Vous avez mis en place une politique de santé en faveur des élèves qui s'articule en trois axes : repérer et suivre les problèmes de santé des élèves sans omettre les souffrances psychiques et favoriser l'accès et le recours aux soins ; assurer tout au long de la scolarité la prévention et l'éducation à la santé ; mobiliser les efforts de tous autour du thème de la santé des élèves.

Concernant plus particulièrement la prévention et l'éducation à la santé, vous avez prévu que l'action soit menée en étroit partenariat avec la mission interministérielle de lutte contre la drogue et la toxicomanie et, le cas échéant, sur le terrain, avec la justice.

A l'heure actuelle, tout élève surpris à vendre des produits illicites peut faire l'objet d'une procédure disciplinaire immédiate, en vue de son exclusion, accompagnée d'un signalement aux autorités judiciaires.

Pour lutter contre le tabagisme, vous avez donné, monsieur le ministre, des consignes strictes pour que la loi Evin soit appliquée dans les établissements, tant par les élèves que par les personnels.

M. Jean-Louis Carrère. Ils ont seulement augmenté les taxes !

Mme Brigitte Luypaert. Les élèves et les personnels fumeurs qui souhaitent engager une démarche de sevrage peuvent désormais être aidés par les infirmières scolaires autorisées à délivrer, ponctuellement et gratuitement, des substituts nicotiniques. Vous avez ouvert vingt-deux centres d'expérimentation à la rentrée 2003, dans des établissements volontaires qui jouent un rôle de centre de ressources pour l'information et le conseil contre le tabagisme. Selon la commission d'enquête nationale de lutte contre les drogues illicites, l'éducation nationale n'assumerait pas de façon satisfaisante la mission de prévention qu'elle est censée remplir. Les instruments de prévention dont elle dispose sont-ils sous-utilisés et inefficaces ?

Les comités d'éducation à la santé et à la citoyenneté, créés en 1990, devaient constituer la structure centrale initiant et fédérant l'ensemble des actions de prévention menées dans les établissements scolaires publics, primaires comme secondaires, d'enseignement général comme d'enseignement professionnel. A cet effet, ils regroupent l'ensemble des intervenants, qu'ils soient issus du milieu scolaire ou extérieurs à celui-ci, parents d'élèves, policiers, gendarmes, magistrats, responsables d'associations.

Ils sont financés par la mission interministérielle de lutte contre la drogue et la toxicomanie et par l'éducation nationale depuis 1995. Ils ont pour objet d'adopter une approche globale des difficultés rencontrées par les jeunes.

La prévention de la violence et celle des dépendances et des conduites à risques constituent les deux axes prioritaires de leur mission.
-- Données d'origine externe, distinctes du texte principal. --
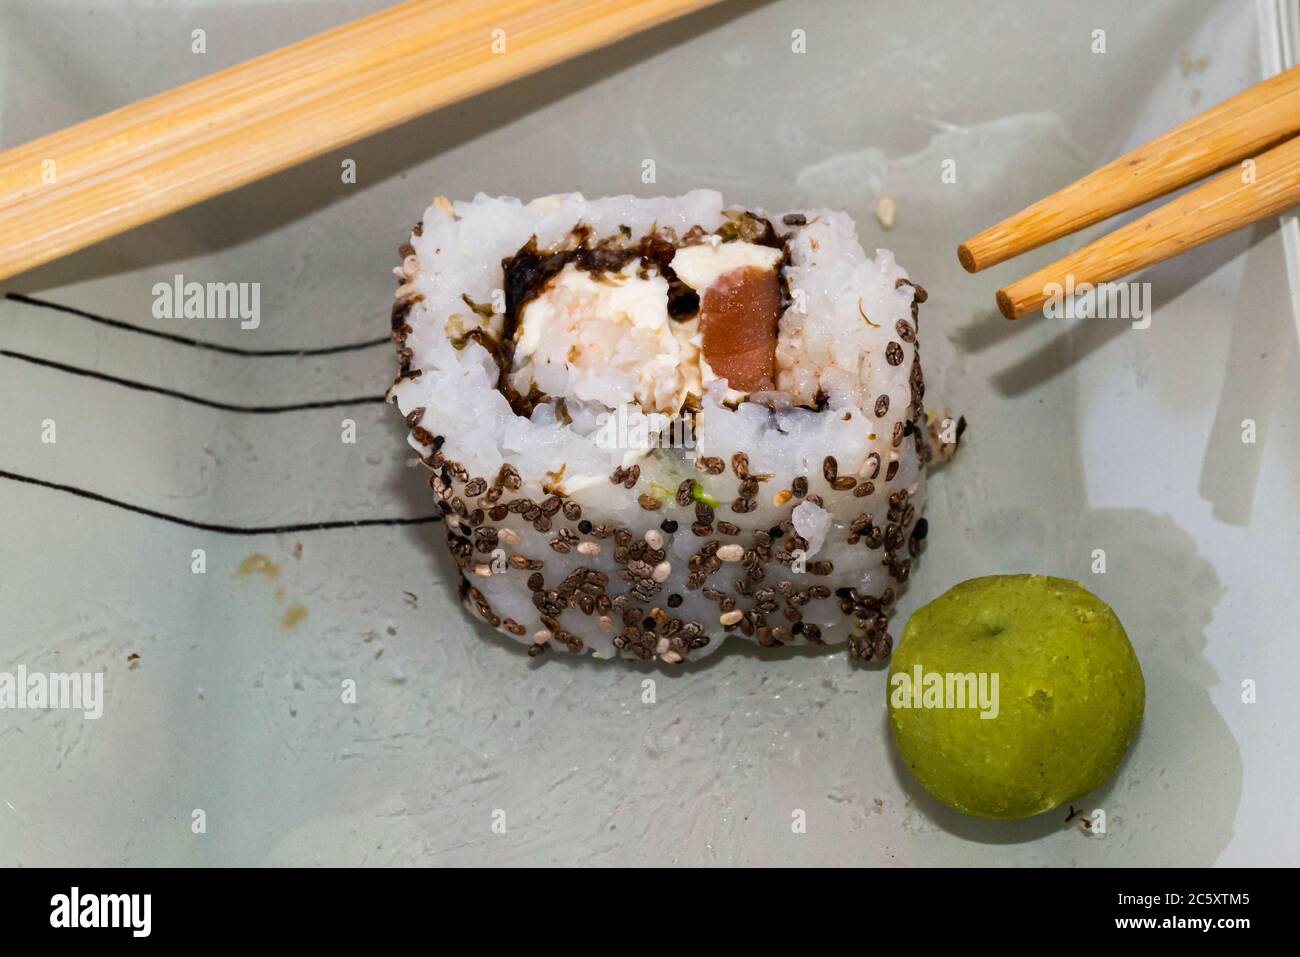 Les sushis japonais sont excellents. Maki et petits pains au thon, au saumon et à l'avocat. Vue de dessus du rouleau de sushi. wasabi. Foyer sélectif. Banque D'Images

La majorité des établissements en sont dotés, même s'il existe de grandes disparités entre les académies.

Qu'en est-il actuellement, monsieur le ministre, du fonctionnement de ces comités ? Parviennent-ils à remplir leur rôle ? Nous comptons sur vous pour tout mettre en oeuvre afin d'appliquer une politique de prévention à la hauteur de l'enjeu : il en va de la santé de nos enfants, de leur réussité scolaire et de leur avenir. Sachez que notre groupe vous apportera tout son soutien.

(M. Adrien Gouteyron remplace M. Christian Poncelet au fauteuil de la présidence.)